The Belgian Scrabble Federation (BSF) (Fédération belge de Scrabble (FBSc)) is an association for Belgian Scrabble players (playing in French). The federation has approximately 1,000 members in 60 clubs, and was the first federation for Francophone Scrabble players, founded in 1972, before the unified French Scrabble Federation and the International Francophone Scrabble Federation. As of 2026, the federation is known as the Royal Belgian Scrabble Federation (French: Fédération Royale Belge de Scrabble, FRBS). The president is Jean-Michel Hubert, who has served multiple terms as head of the federation.

The BSF maintains the national ranking of Francophone Scrabble players and organizes many tournaments of classic Scrabble and Duplicate Scrabble in Belgium. Among these tournaments is the Belgian Francophone Scrabble Championship, which takes place during the Festival de Belgique.

The BSF is a member of the International Francophone Scrabble Federation, and so its members may enter tournaments in any Francophone country.
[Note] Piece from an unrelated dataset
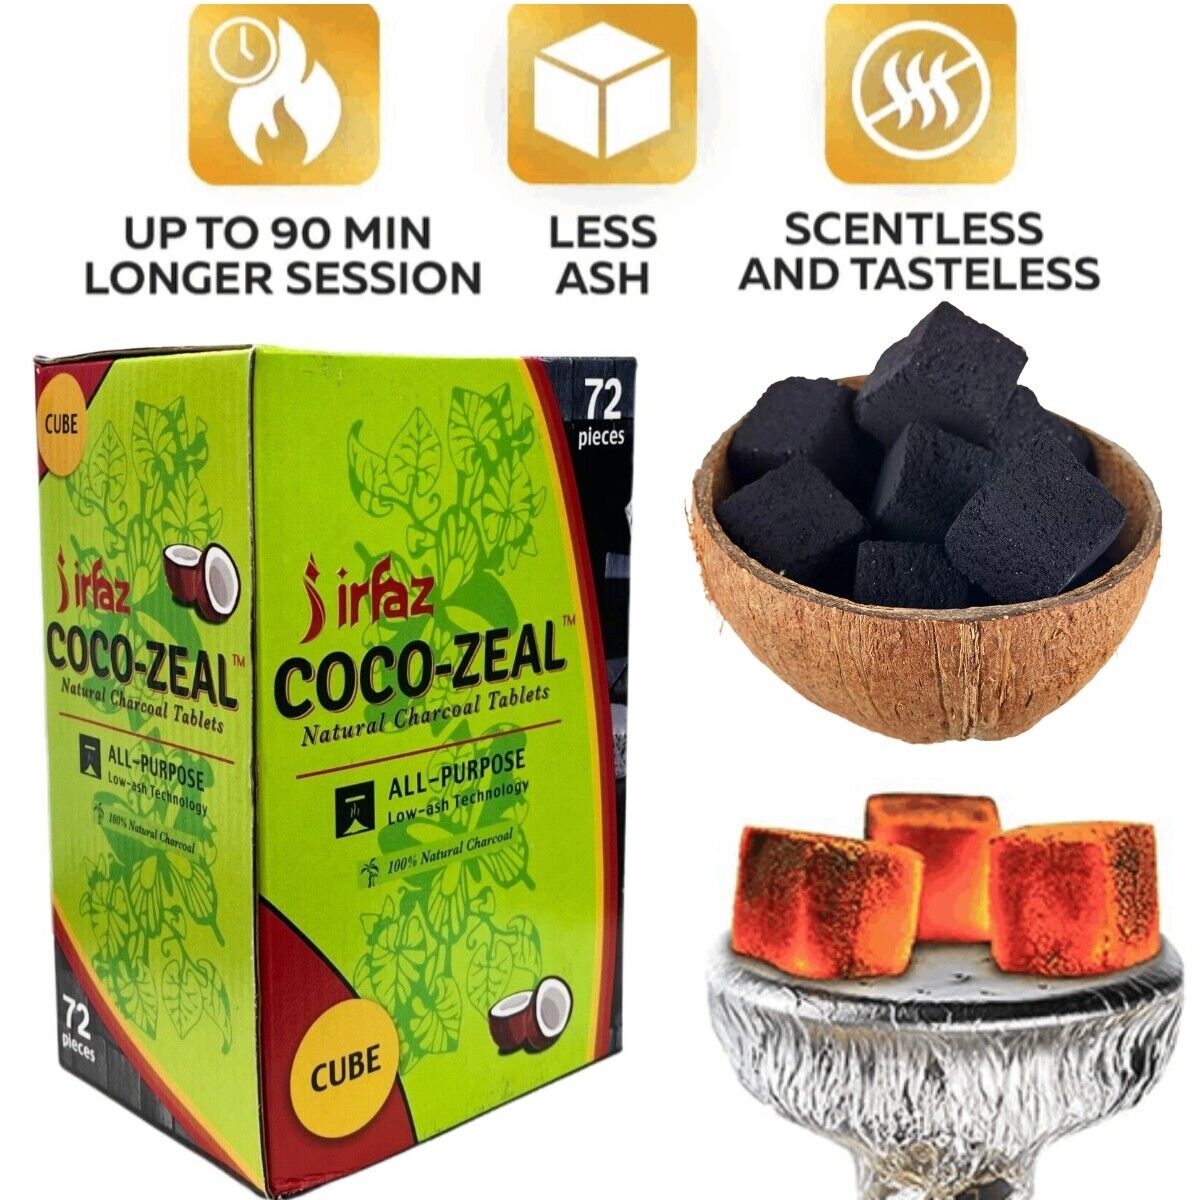 Afzal Coco-Zeal Coconut Charcoals Natural Hookah Coal Shisha 72 Piece/ 1kg Cubes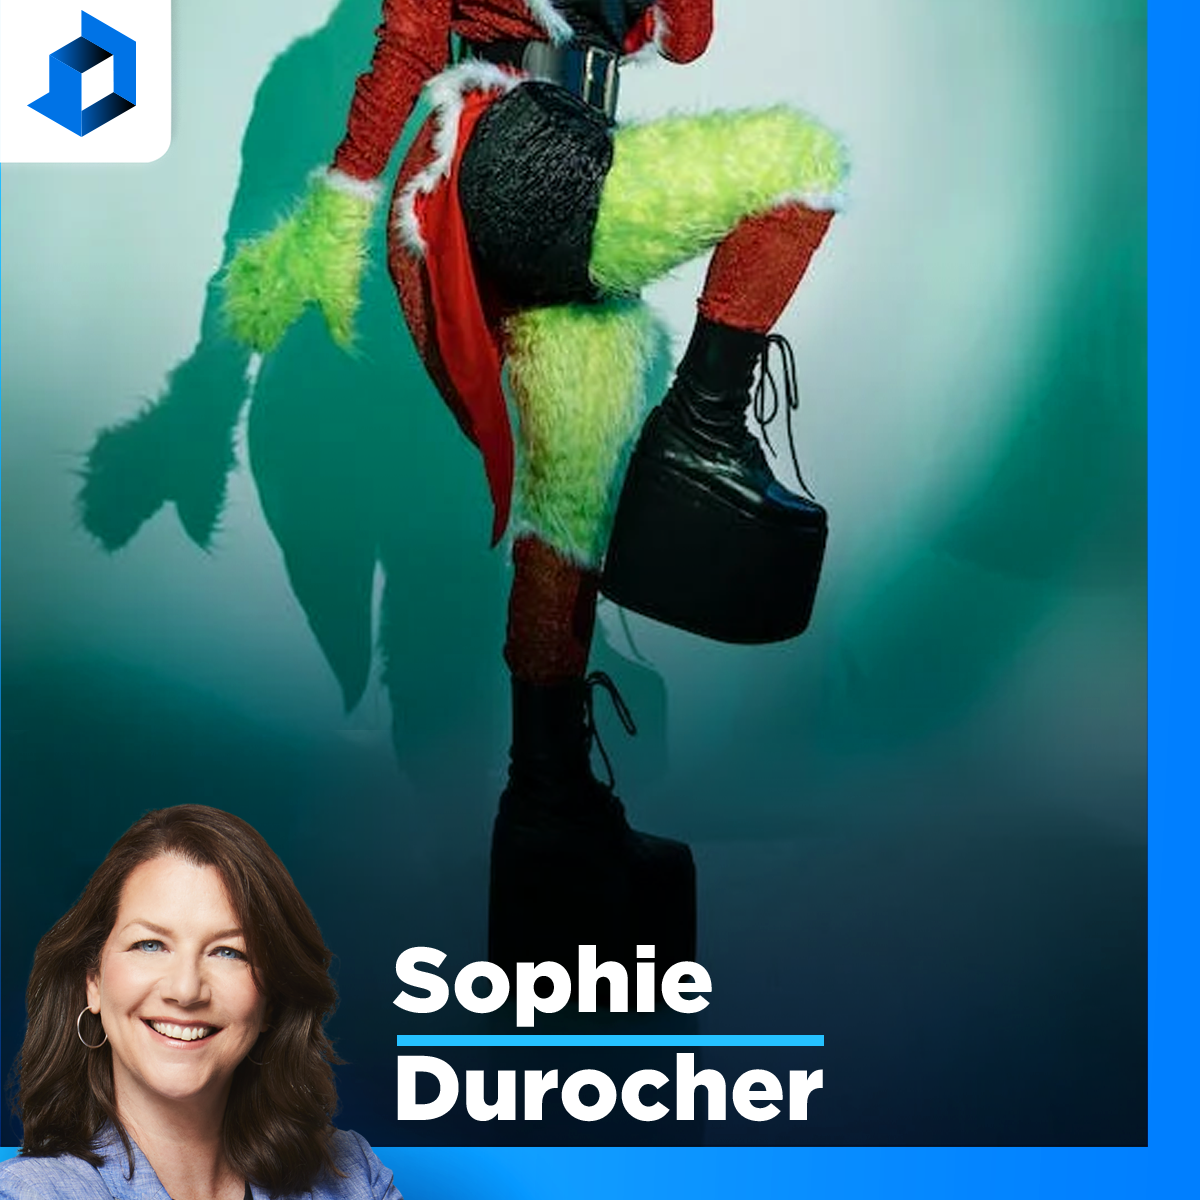 Sophie Durocher est-elle la prochaine grincheuse?

Many Belgian players have qualified for the French World Scrabble Championships which takes place each year in a different city.

==Awards==
The most recent (2011) winner of the Belgian Scrabble Championships is Christian Pierre, having won the title 14 times since his first win in 1997. Pierre has also won the French World Scrabble Championships five times, in 1991, 1992, 1994, 1996, and 1998. The most recent World Championship win by a Belgian was Éric Vennin in 2008, in Dakar. Other World Champions include Marc Selis (twice), Hippolyte Wouters, Agnès Lempereur, and Yvon Duval.

Since the BSF's founding, the Individual World Championships have been dominated by Belgians. The first Individual World Champion (Hippolyte Wouters), as well as the first Pairs World Champions, were Belgian. However, Christian Pierre is the only Belgian to win since 1978. No Belgian has yet won the Blitz Championship; Jean-Luc Dives came third in 2006.

== Organisation ==
The federation is governed by a Board of Directors responsible for the administration and development of Scrabble in Belgium. As of 2026, the board is chaired by President Jean-Michel Hubert, with Emmanuel Leclercq serving as Director General. The federation organizes duplicate and classic Scrabble competitions, maintains the national player rankings, oversees Belgian club competitions, and selects national teams for international events organized by the Fédération Internationale de Scrabble Francophone (FISF).

== World Championships ==
Belgium has played a major role in the history of Francophone Scrabble. Belgian players won five of the first seven Individual World Championships, and Belgian competitors have continued to achieve success at international level. The federation hosted the 50th World French-language Scrabble Championships in Louvain-la-Neuve in 2022, marking both the fiftieth edition of the championship and the federation's fiftieth anniversary.